IR spectra were measured with a Nicolet™ iS™ 5 FT-IR spectrometer (Thermo Fisher). The measurement was performed directly from the solid sample without prior preparation.

X-ray diffraction data were collected with a Bruker-AXS SMART CCD system. The structures were solved by direct methods and refined by full-matrix least-squares methods (SHELX-97). CCDC 1569176 (CuL³) contains the supplementary crystallographic data for this paper.†

Cyclic voltammetry experiments were carried out in an aqueous 0.1 M KCl solution. Millipore water was used to prepare the solutions. The water was degassed before by bubbling dinitrogen into it. A three-electrode configuration (glassy carbon working electrode, Pt counter electrode, Ag wire as pseudo-reference) and a PAR VersaSTAT 4 potentiostat were used. The ferrocene/ferrocenium (FcH/FcH⁺) couple served as internal reference. Due to the poor solubility of ferrocene in water, ferrocene was dissolved in acetonitrile (6.7 mM) and added to the solution after each measurement. The measurement was then repeated to allow for referencing to FcH/FcH⁺ (see also ref. 47).

EPR measurements were carried out by the use of a Bruker EMXplus (X band) Spectrometer at an average frequency of 9.35 GHz. The samples have been measured as frozen solutions at an average temperature of 12 K by the use of a liquid Helium-recirculating cryostat (ColdEdge-ER4112HV-CF10-H). Samples have been measured at a power of 2 mW, with an attenuation of 20 dB and modulation amplitude of ca. 5 G. EPR simulations were carried out by the use of EasySpin software (version 6.0) supported by Matlab.⁵⁹

Synthesis

All syntheses are described in detail different batches of plasmid D in the ESI (S-1).†

DNA cleavage studies

DNA cleavage activity of complexes CuL¹–CuL⁶ towards pBR322 plasmid DNA (Carl Roth) was monitored by agarose gel electrophoresis. All experiments were carried out in triplicate. In a typical experiment, plasmid DNA (0.025 μg mL⁻¹) in Tris-HCl buffer (50 mM, pH 7.4, Fisher Scientific) was mixed with different concentrations of complexes CuL¹–CuL⁶ in the presence and absence of ascorbic acid (0.32 mM, Acros). Deionized water (Millipore system) was added up to a total reaction volume of 8 μL before the samples were incubated for a given time. After incubation, samples were analyzed directly or stored at −196 °C (liquid nitrogen) before usage in gel electrophoresis. For analysis, 1.5 μL of loading buffer (containing 3.7 mM bromophenol blue, 1.2 M saccharose in deionized water) was added to the incubation solution and loaded onto an agarose (SeaKem LE, Lonza) gel (1% in 0.5× Tris-borate-EDTA (TBE) buffer, Fisher Scientific) containing ethidium bromide as a staining agent (0.2 μg mL⁻¹, Fisher Scientific). Electrophoresis was carried out at 40 V for 2 h with an electrophoresis unit (Carl Roth; power supply: consort EV243) in 0.5× TBE buffer.
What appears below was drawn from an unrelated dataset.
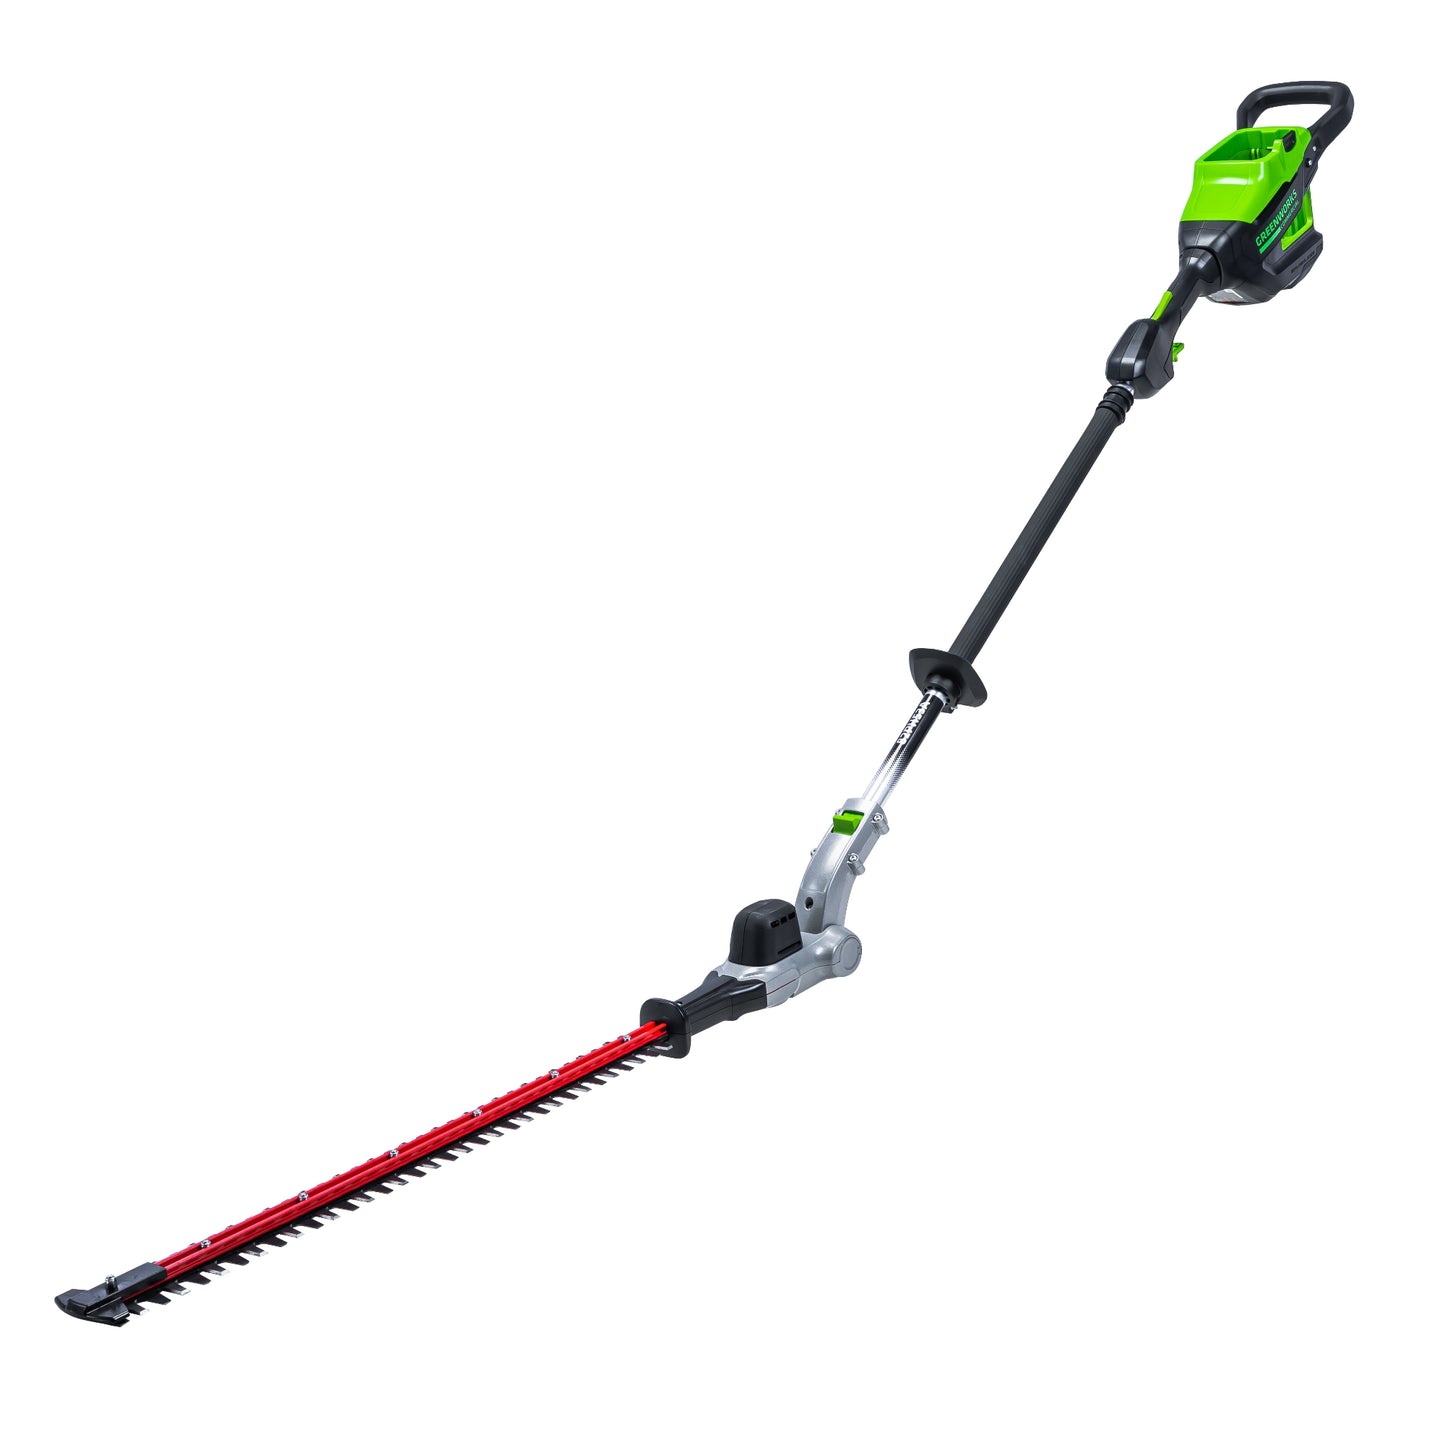 82PH53A 82V ARTICULATING MID-POLE HEDGE TRIMMER (TOOL ONLY)
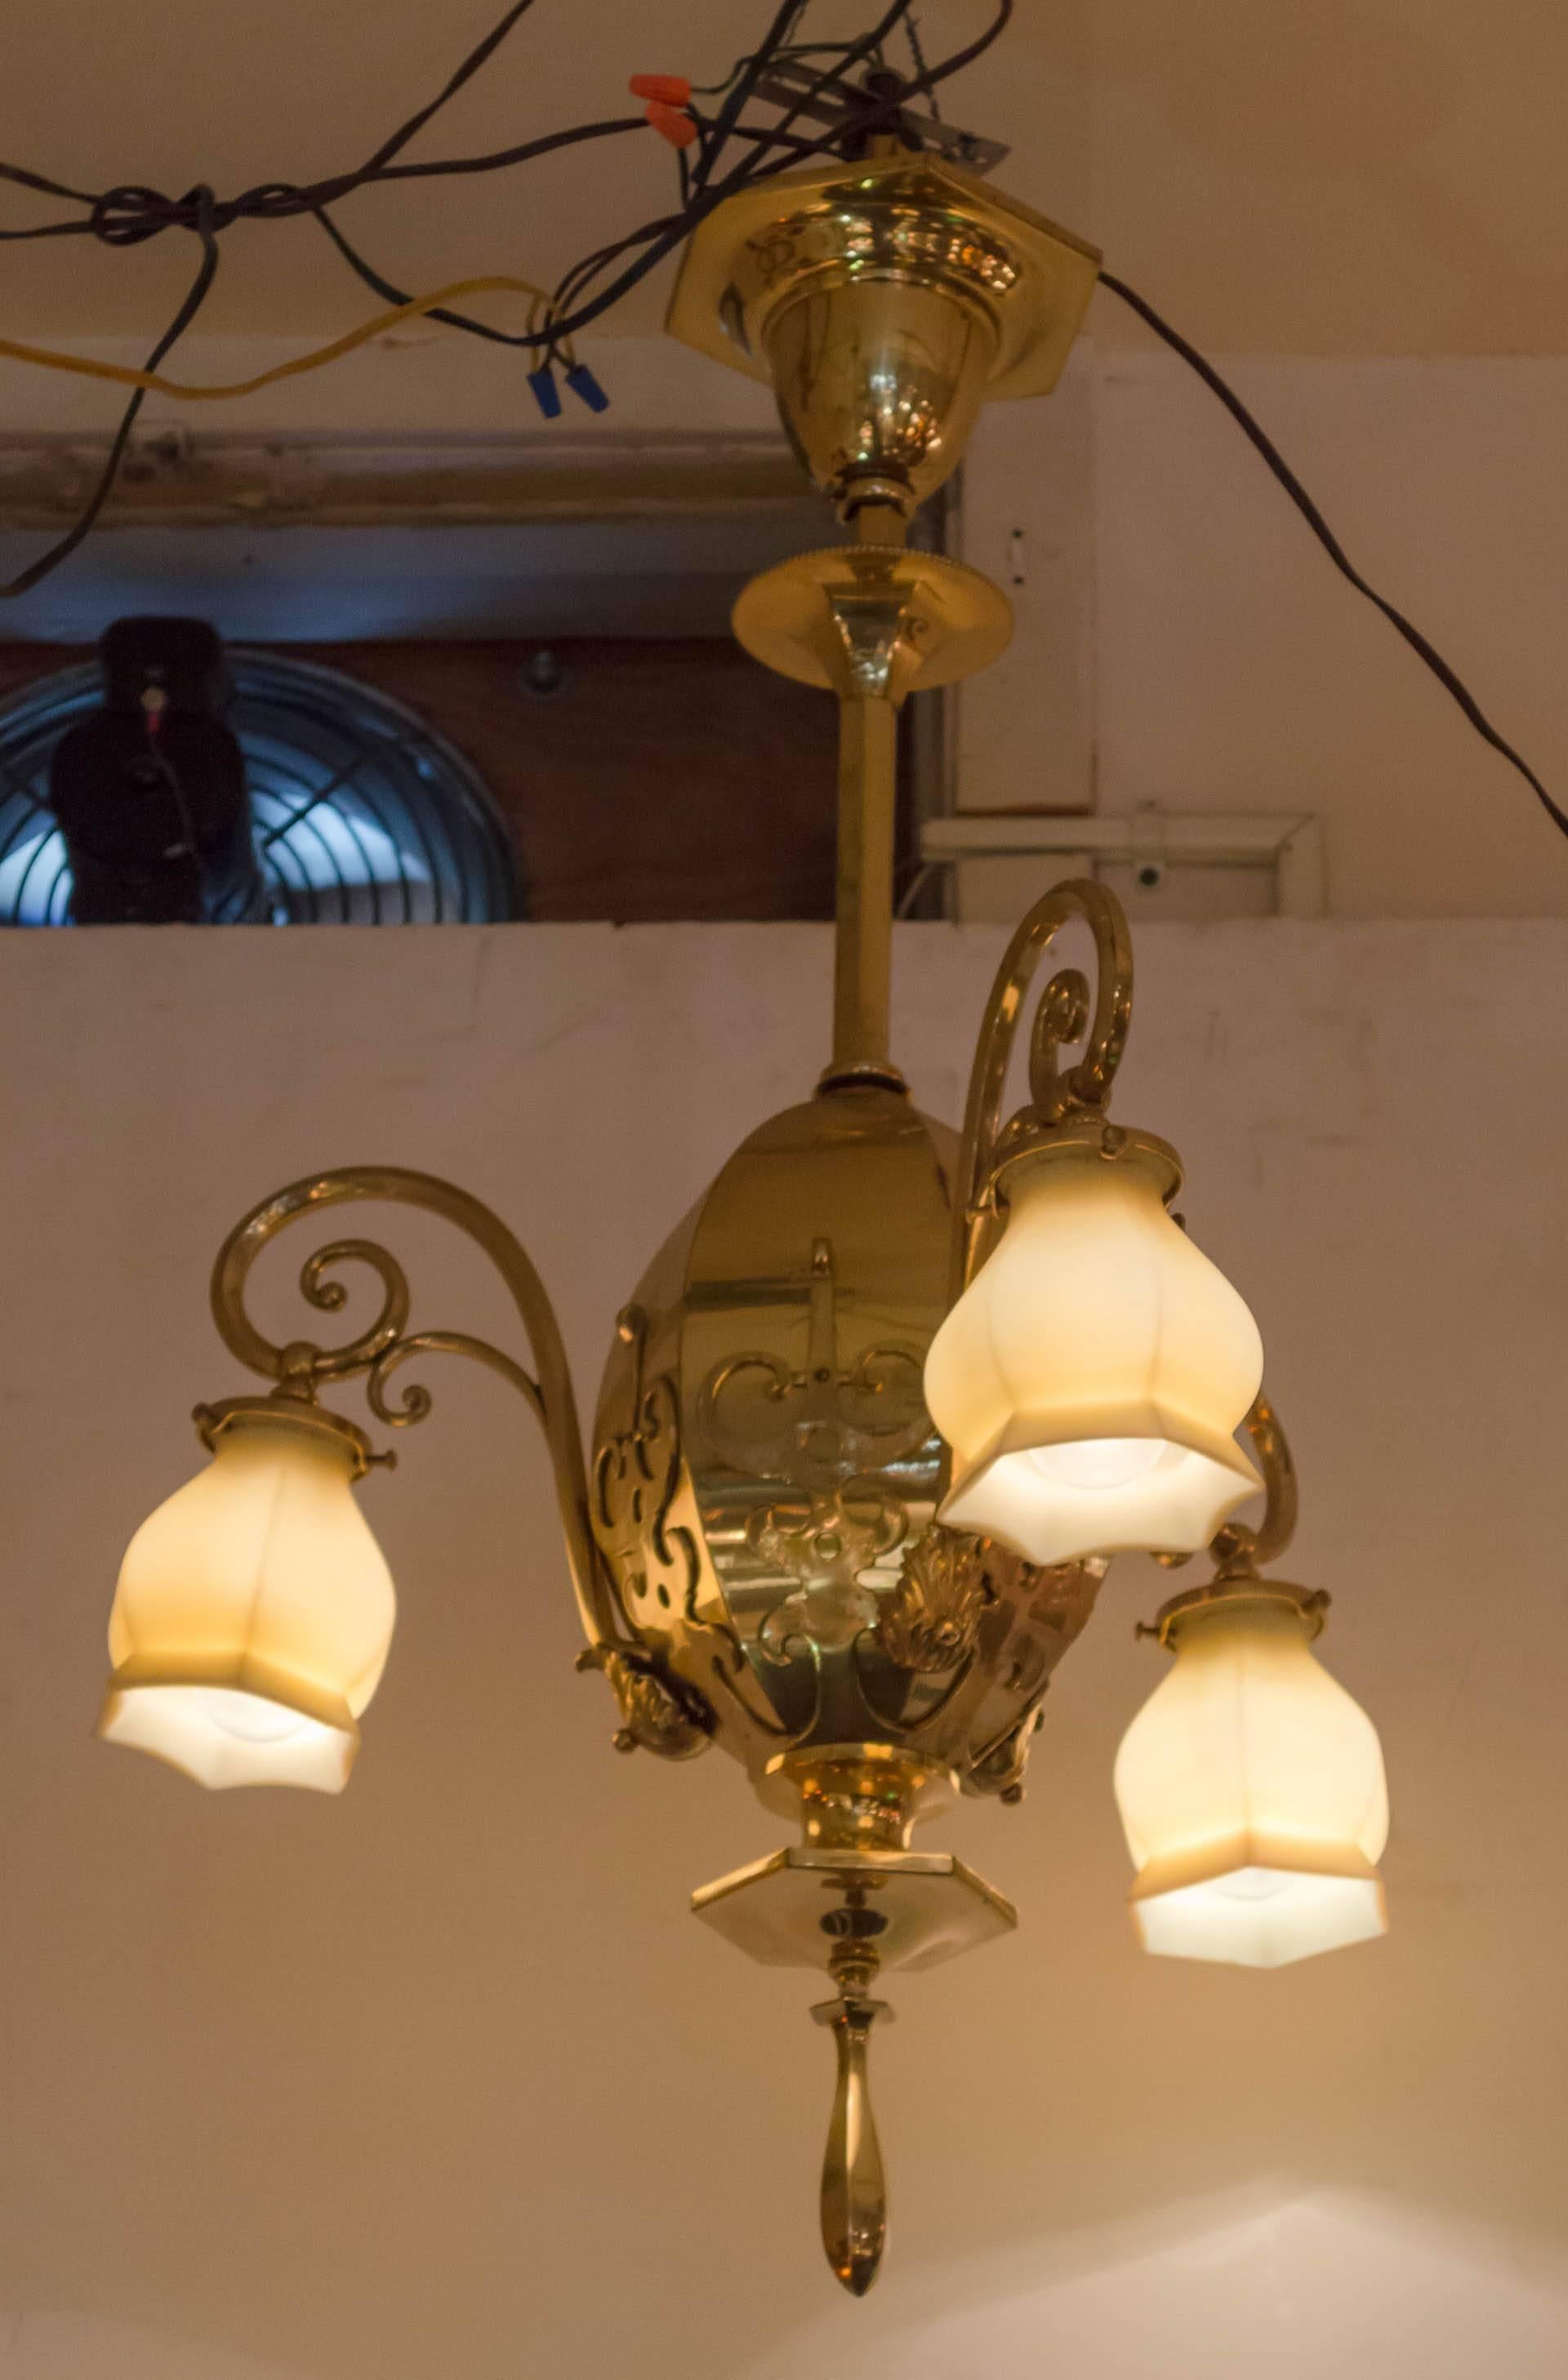 This very handsome chandelier is perfect for an entryway, or any other room in the home. The body is polished brass with unusual applied casting. The glass shades are some of our favorite options. Vaseline glass, or sometimes called custard glass

Bands were visualized by UV light and photographed by using a gel documentation system (GelDoc, Bio-Rad). The quantity of different DNA forms was estimated by using Image Lab™ software (Bio-Rad). To do so, a value of 1 was assigned to the supercoiled control DNA incubated under the same conditions as in the other experiments but without the addition of metal complexes (labeled "control" or "DNA" in the agarose gels). All other values were expressed relatively to that. Taking into account that the supercoiled form I of plasmid DNA has a smaller affinity towards ethidium bromide, its intensity was afterwards multiplied with a correction factor of 1.22.⁴⁸ Small DNA fragments were added together within form III DNA.

To make sure that DNA bands were correctly assigned to forms I, II and III, a DNA ladder was established: 250 μL of pBR322 plasmid DNA (0.025 μg mL⁻¹) were linearized by using EcoRI nuclease, purified by agarose gel electrophoresis and then extracted by using a GenElute™ extraction kit (Sigma–Aldrich). The extract was diluted to 250 μL and mixed with another solution of 250 μL of pBR322 plasmid DNA (0.025 μg mL⁻¹). 2 μL of this solution were loaded into the first pocket of every agarose gel.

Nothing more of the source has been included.